5.                                       Termination.

 

(A)                              Dissolution.  The Company shall be dissolved upon the Termination of any Member, unless a majority-in-interest of the other Members consent to continue the business of the Company within 30 days after the date of Termination.

 

(B)                                Definitions.

 

(i)                                     As used herein, “Termination” means: (a) a Bankruptcy Event; (b) a Member who is an individual dies or is adjudicated an incompetent; (c) a trust that is a Member terminates; (d) a corporation, limited liability company or partnership that is a Member dissolves; or (e) if an estate is a Member, the distribution of the estate’s membership interest.

 

(ii)                                  As used herein, “Bankruptcy Event” means a Member that does any of the following: (a) makes an assignment for the benefit of creditors; (b) files a voluntary petition in bankruptcy; (c) is adjudicated a bankrupt or insolvent; (d) files a petition or answer in any reorganization, arrangement, composition, readjustment, liquidation, dissolution or similar relief proceeding under any law or rule that seeks for itself any of those types of relief; (e) files an answer or other pleading admitting or failing to contest the material allegations of a petition filed against him or her in any proceeding seeking the relief described in clause (d) of this subsection (ii); (f) a period of 120 days has elapsed after the commencement against the Member of any proceedings seeking the relief described in clause (d) of this subsection (ii), and the proceeding has not been dismissed; (g) a period of 90 days has elapsed after the appointment of a trustee, receiver, or liquidator for the Member or for all or any substantial part of his or her properties without the Member’s consent to acquiescence, and the appointment has not been vacated or stayed; or (h) a period of 90 days has elapsed after the expiration of that stay, and the appointment has not been vacated.

 

(C)                                Withdrawal.                               Except as expressly permitted herein, no Member shall withdraw or retire or in any way be entitled to a return of any part of its capital account without the unanimous consent of the Members.

 

7



 

6.                                       Management Matters.

 

(A)                              Member Meetings.

 

(i)                                     Place.  All meetings of the Members shall be held either at the principal office of the Company or at any other place within the United States, designated by the Managing Member.

 

(ii)                                  Annual and Periodic Meetings.  An annual meeting of the Members shall be held at 9:00 AM on the first Tuesday in May of each year if not a legal holiday, and if a legal holiday, then at the same time on the next succeeding day not a legal holiday.  In the event that such annual meeting is omitted by oversight or otherwise on the date herein provided for, the Managing Member shall cause a meeting in lieu thereof to be held as soon thereafter as is convenient, and any business transacted or elections held at such meeting shall be as valid as if transacted or held at the annual meeting.  Periodic meetings may be held from time to time at the discretion of the Managing Member, who shall provide notice of any such periodic meetings pursuant to subpart (iv) below.

 

(iii)  Special Meetings.  Special meetings of the Members may be called by the Managing Member or by any two Members acting jointly.
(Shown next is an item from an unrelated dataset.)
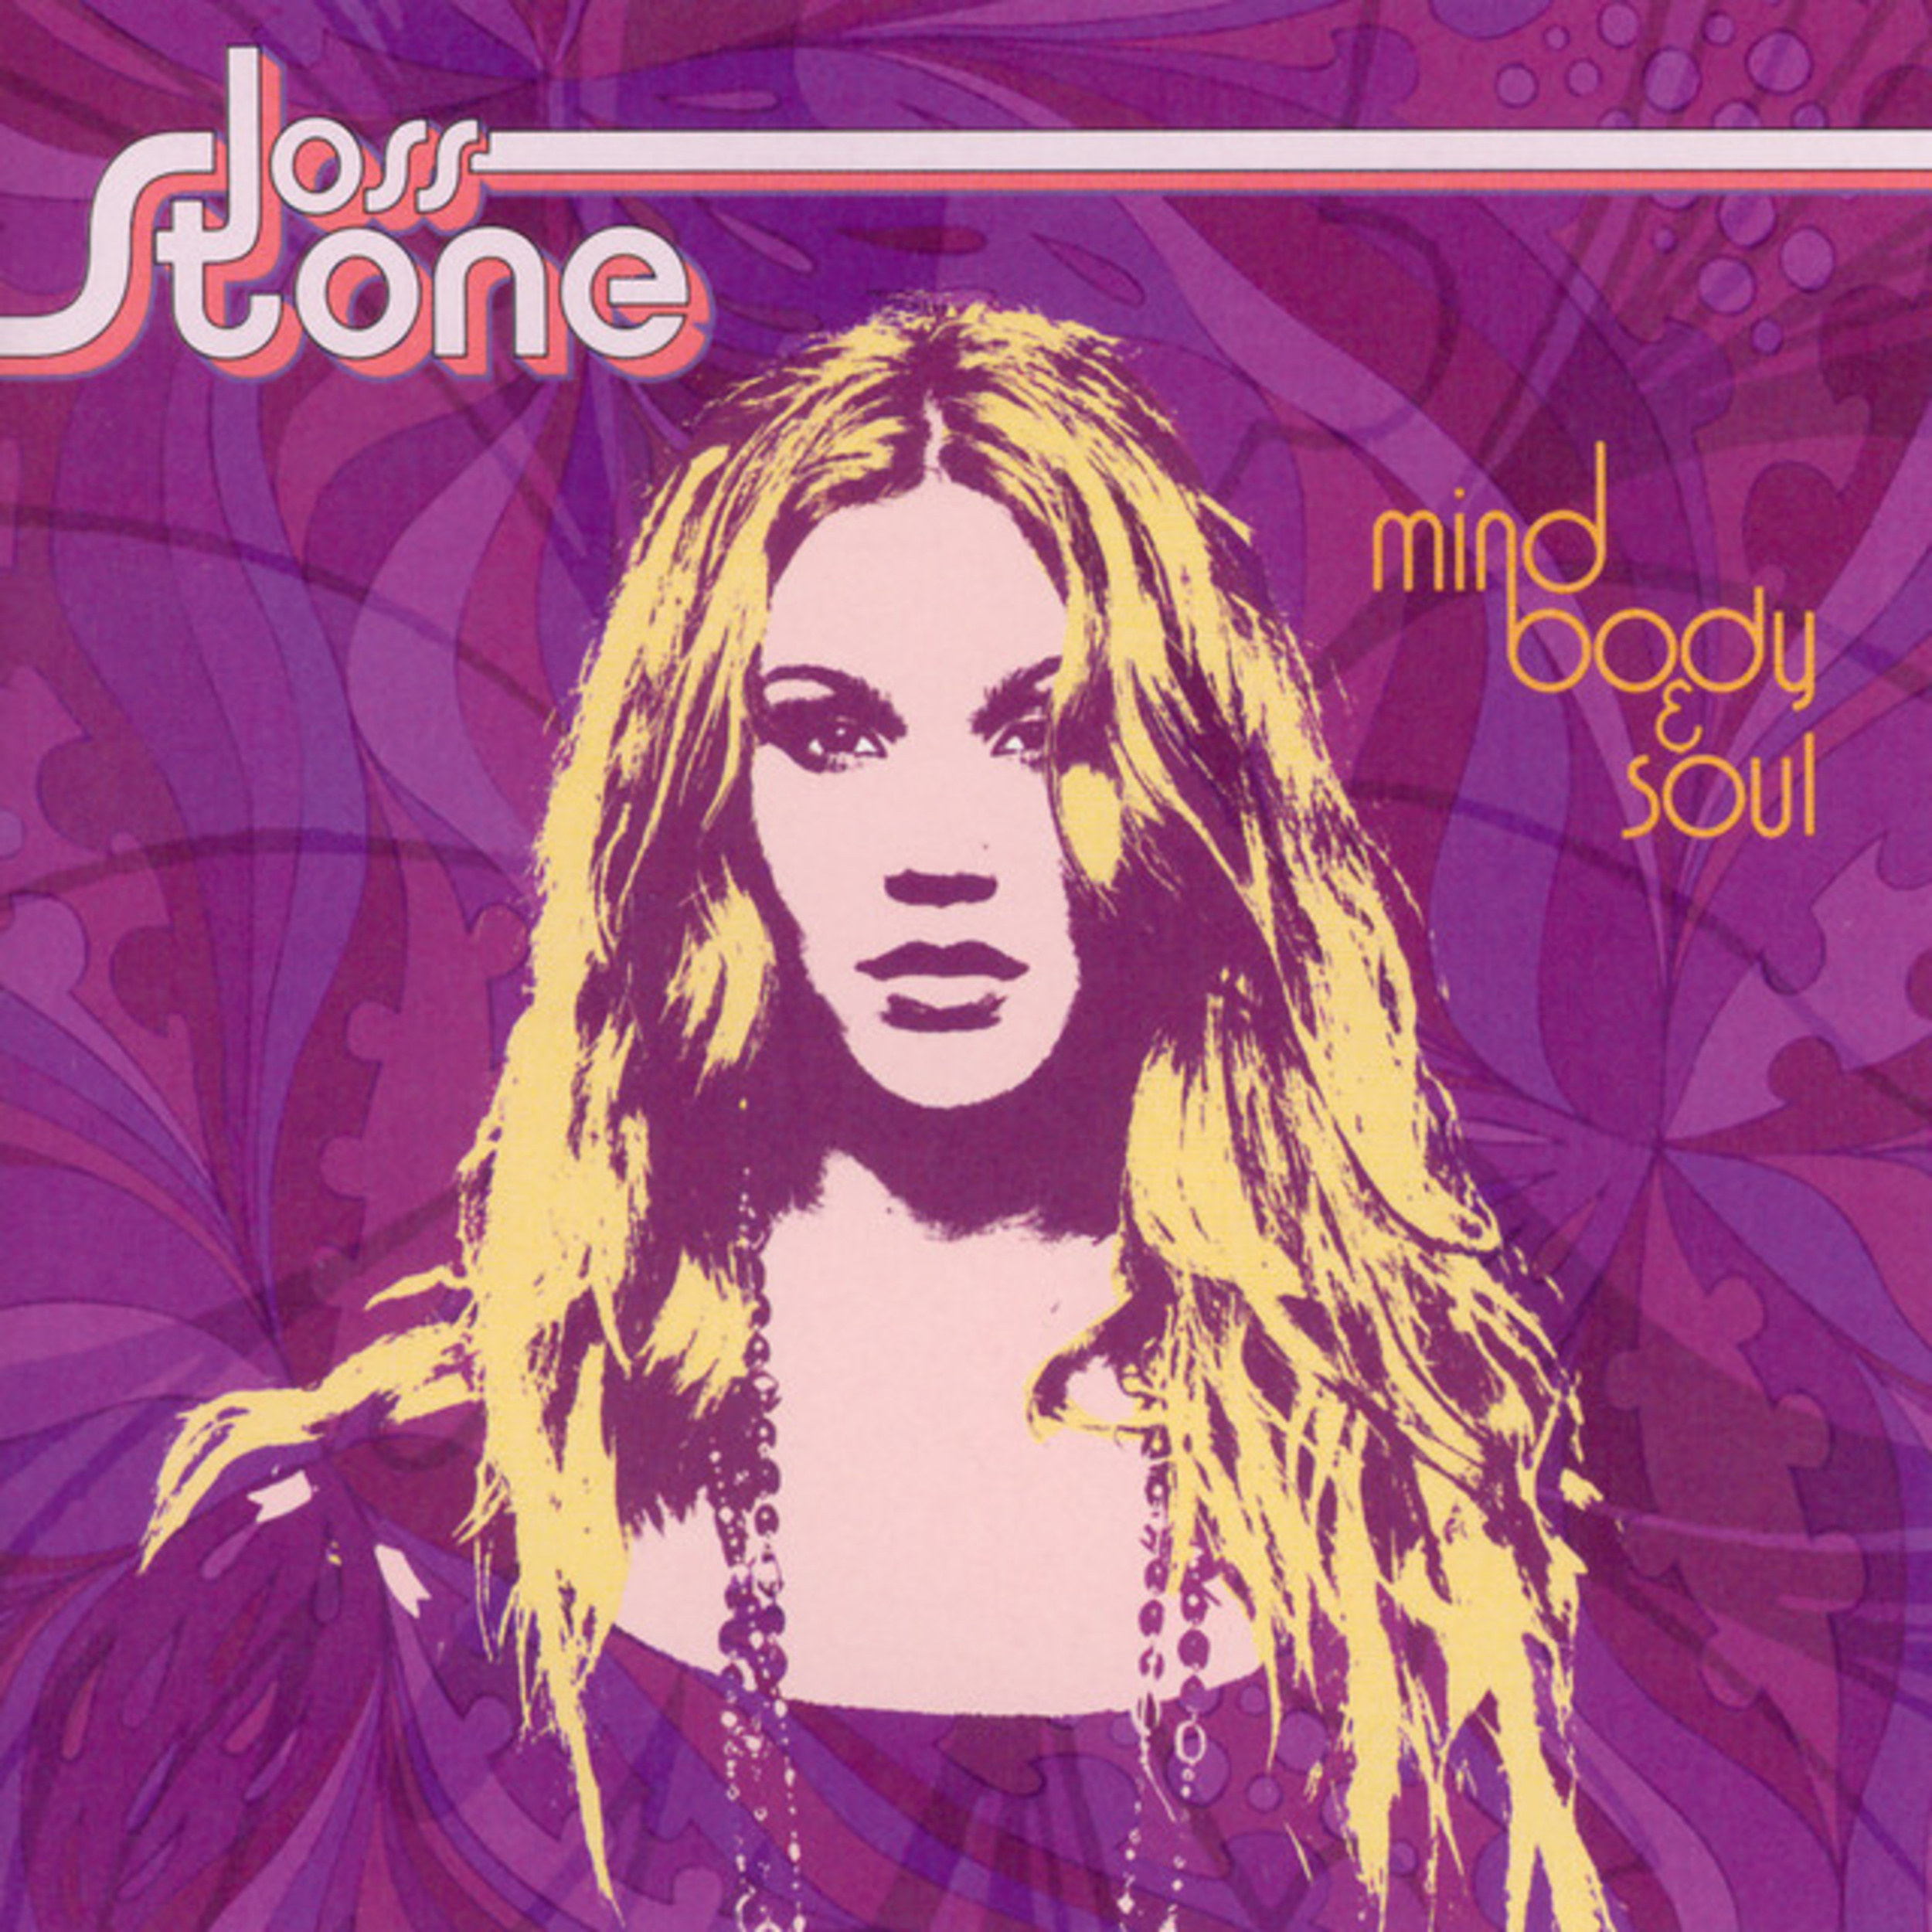 <p>Joss Stone's sophomore album, <em>Mind Body & Soul</em>, is the perfect title for a singer known for beaming with soulful and funky musicianship. Stone was only 17 years old at the time but had a voice beyond her years. It's no wonder she was mentored and produced by soulful singer Betty Wright to help hone her sound. Some of the album's hit singles include <a href="https://www.youtube.com/watch?v=rZ1MNVot42o">"You Had Me"</a> and "Spoiled." </p><p><a href='https://www.msn.com/en-us/community/channel/vid-cj9pqbr0vn9in2b6ddcd8sfgpfq6x6utp44fssrv6mc2gtybw0us'>Did you enjoy this slideshow? Follow us on MSN to see more of our exclusive entertainment content.</a></p>

Calls for special meetings shall specify the time, place and object or objects thereof, and no business other than that specified in the call therefor shall be considered at any such meetings.

 

(iv)                              Notice of Meetings.  A written or printed notice of the annual, periodic or any special meeting of the Members, stating the time and place, and in case of special meetings, the objects thereof, shall be given to each Member entitled to vote at such meeting appearing on the books of the Company, by mailing same to his address as the same appears on the records of the Company, not less than 7 days or more than 60 days before the date of the meeting; provided, however, that no failure or irregularity of notice of any annual meeting shall invalidate the same or any proceeding thereat.  All notices with respect to any Units to which persons are jointly entitled may be given to that one of such persons who is named first upon the books of the Company and notice so given shall be sufficient notice to all the holders of such shares.

 

(v)                                 Quorum.  A majority in number of the Units authorized, issued and outstanding, represented by the holders of record thereof, in person or by proxy, shall be requisite to constitute a quorum at any meeting of Members.

 

(vi)                              Proxies.  Any Member entitled to vote at a meeting of Members may be represented and vote thereat by proxy appointed by an instrument in writing, subscribed by the Member, or by his duly authorized attorney, and submitted to the Managing Member at or before such meeting.

 

(vii)                           Voting.  On any matter requiring the unanimous consent or agreement of the Members, each Member shall have one (1) vote.  On any matter requiring the consent of a majority in interest of the Members, each Member shall have one vote per Unit and consent shall have been obtained if: (a) at a meeting of the Members, upon due notice as required hereunder, at which a quorum is present, Members holding at least 51% of the total votes present, in person and by proxy, vote in favor; or (b) Members holding at least 51% of the outstanding Units consent in writing.  For purposes of this Agreement, a “Super Majority” shall have voted for or consented to any

 

8



 

matter if (a) at a meeting of the Members, upon due notice as required hereunder, at which a quorum is present, Members holding at least 75% of the total votes present, in person and by proxy, vote in favor; or (b) holders of at least 75% of the outstanding Units consent in writing.

 

(B)                                Managing Member.  As indicated above, Dakota shall serve as the Managing Member of the Company.  The Managing Member shall make all decisions with respect to the Company, its business, assets and operations that are not expressly reserved or delegated to the unanimous or Super Majority vote of the Members of the Company pursuant to the terms and conditions of this Agreement.  Dakota shall continue to serve as the Managing Member until an amendment to this Agreement is unanimously adopted by the Members appointing another Member to serve as the “Managing Member” hereunder.

 

(C)                                Transactions Requiring Unanimous Consent.  Notwithstanding anything contained herein to the contrary, the unanimous consent of the Members shall be required to: (a) sell all or substantially all assets of the Company, and/or sell the Brand; (b) consummate any merger, reorganization or consolidation involving the Company where the Company is not the surviving entity; or (c) admit any new Member or issue Units to any party other than a then current Member.

 

(D)                               Transactions Requiring Super Majority Vote.  Notwithstanding anything contained herein to the contrary, the following matters shall be approved or consented to by the Members only upon a Super Majority vote: (a) grant or sell licensing, manufacturing or distribution rights to Brand rice or potato products if such rights are granted to a Member or Affiliate; (b) pay any fee or remuneration to, or enter into, amend or change any business contract or arrangement with, any Member or Affiliate thereof; or (c) appoint any officer or pay any salary, wage, fee or other remuneration to any officer; or (d) purchase any material asset for or on behalf of the Company outside the ordinary course of business; or (e) incur any material liability, obligation or expense for or on behalf of the Company outside the ordinary course of business.

 

(E)                                 Transactions With Members.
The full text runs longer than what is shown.